Among the few people chosen to receive Communion from the pope himself was Jake Finkbonner, a 12-year-old boy of Native American descent from the western U.S. state of Washington, whose recovery from an infection of flesh-eating bacteria was deemed “miraculous” by the Vatican. The Vatican determined that Jake was cured through Kateri’s intercession after his family and community invoked her in their prayers, paving the way for her canonization.
Cope is revered among many Catholics in Hawaii, where she arrived from New York in 1883 to care for leprosy patients on Kalaupapa, an isolated peninsula on Molokai Island where Hawaii governments forcibly exiled them for decades. At the time, there was widespread fear of the disfiguring disease, which can cause skin lesions, mangled fingers and toes and lead to blindness.
Cope, however, led a band of Franciscan nuns to the peninsula to care for the patients, just as Saint Damien, a Belgian priest, did in 1873. He died of the disease 16 years later and was canonized in 2009.
“At a time when little could be done for those suffering from this terrible disease, Marianne Cope showed the highest love, courage and enthusiasm,” Benedict said in his homily. “She is a shining and energetic example of the best of the tradition of Catholic nursing sisters and of the spirit of her beloved St. Francis.”
Two-hundred fifty pilgrims from Hawaii traveled to Rome for Mother Marianne’s canonization, including nine Kalaupapa patients, as well as faithful from the local diocese.
“Marianne Cope means a great deal to us,” said pilgrim Aida Javier, who traveled from Honolulu with her husband Romy for the Mass. “My husband and I feel blessed and honored to be part of this canonization.”
Another pilgrim was Sharon Smith, of Syracuse, New York, whose 2005 cure from complications from pancreatitis, an inflammation of the pancreas, was declared medically inexplicable by the Vatican — the “miracle” needed for Mother Marianne to be named a saint. In an interview last week, Smith recounted how she had fainted one day in her home, an allergic reaction to medication she was taking for a kidney transplant, and awoke in the hospital to find that doctors weren’t giving her much time to live.
Her disease was eating away at her insides, causing her stomach to detach from her intestines. Doctors said they couldn’t repair it. At a certain point, a nun pinned a bag of ashes and dirt from Mother Marianne’s grave on her and prayed.
“I had never heard of her, but we continued to pray,” Smith said. “And I just, I started getting better.”
“I believe in miracles, but I don’t know whether it was all the prayers, or the pinning of the relic, but I know that something worked, and I’m here for some reason,” Smith said.
The Vatican’s complicated saint-making procedure requires that the Vatican certify a “miracle” was performed through the intercession of the candidate — a medically inexplicable cure that can be directly linked to the prayers offered by the faithful.
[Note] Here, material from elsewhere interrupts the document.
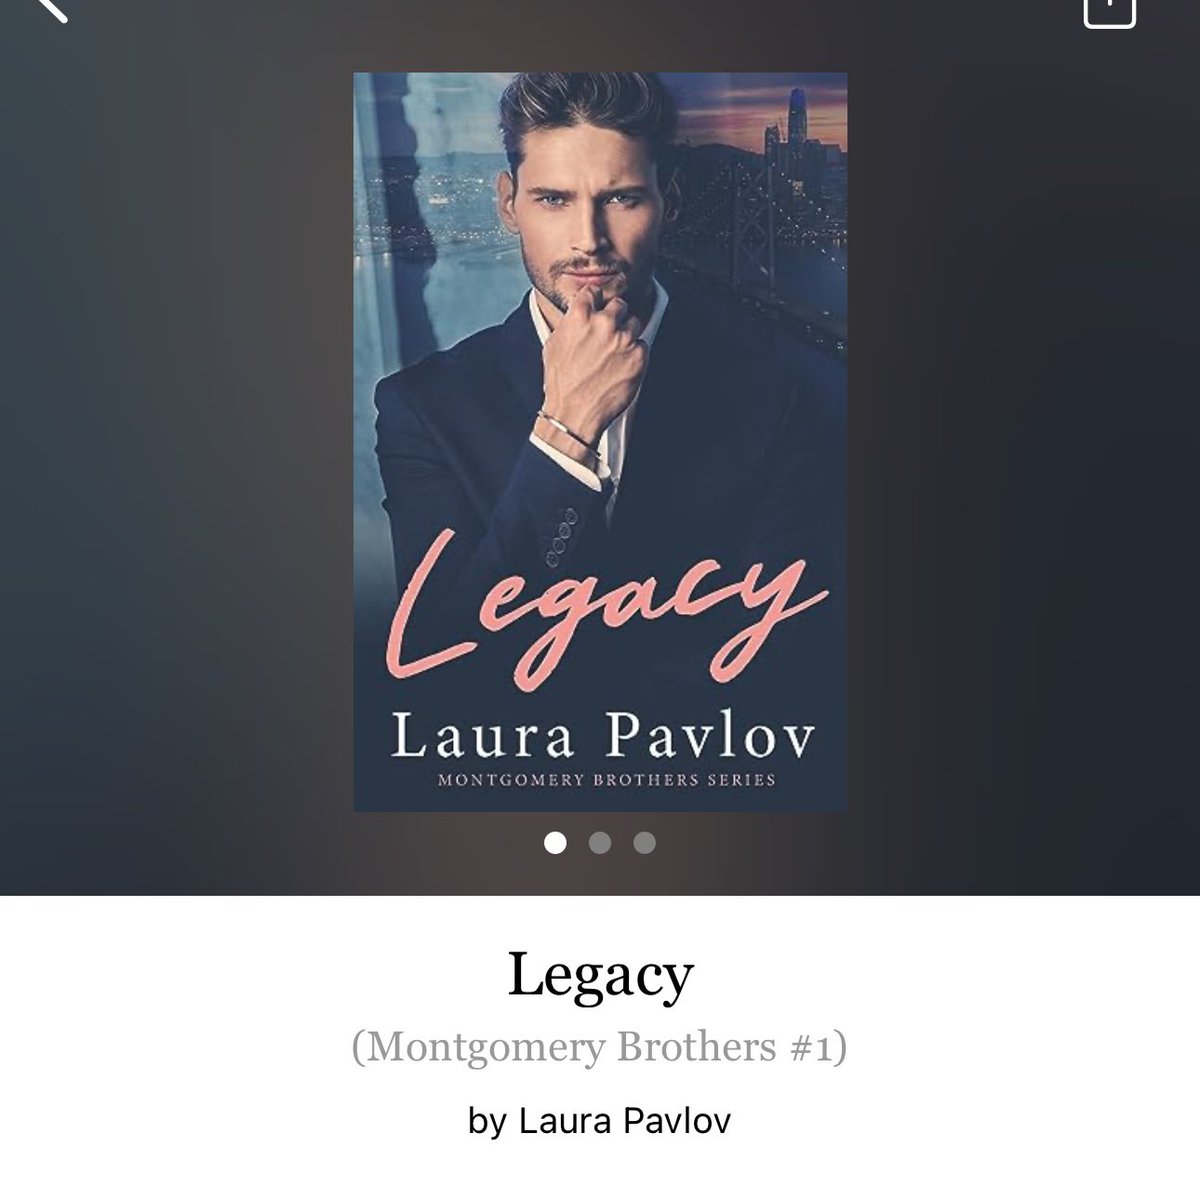 Legacy by Laura Pavlov 

#Legacy by #LauraPavlov #6286 #25chapters #224pages #435of400 #Series #Audiobook #8houraudiobook #MontgomeryBrothersSeries #Book1of3 #FordAndHarley #april2024 #clearingoffreadingshelves #whatsnext #readitquick

One miracle is needed for beatification, a second for canonization.
The Philippines’ second saint, Calungsod, was a Filipino teenager who helped Jesuit priests convert natives in Guam in the 17th century but was killed by spear-wielding villagers opposed to the missionaries’ efforts to baptize their children.
“We are especially proud because he is so young,” said Marianna Dieza, a 39-year-old housekeeper working in Rome who was on hand for the Mass.
The other new saints are: Jacques Berthieu, a 19th century French Jesuit who was killed by rebels in Madagascar, where he had worked as a missionary; Giovanni Battista Piamarta, an Italian who founded a religious order in 1900 and established a Catholic printing and publishing house in his native Brescia; Carmen Salles y Barangueras, a Spanish nun who founded a religious order to educate children in 1892; and Anna Schaeffer, a 19th century German lay woman who became a model for the sick and suffering after she fell into a boiler and badly burned her legs. The wounds never healed, causing her constant pain.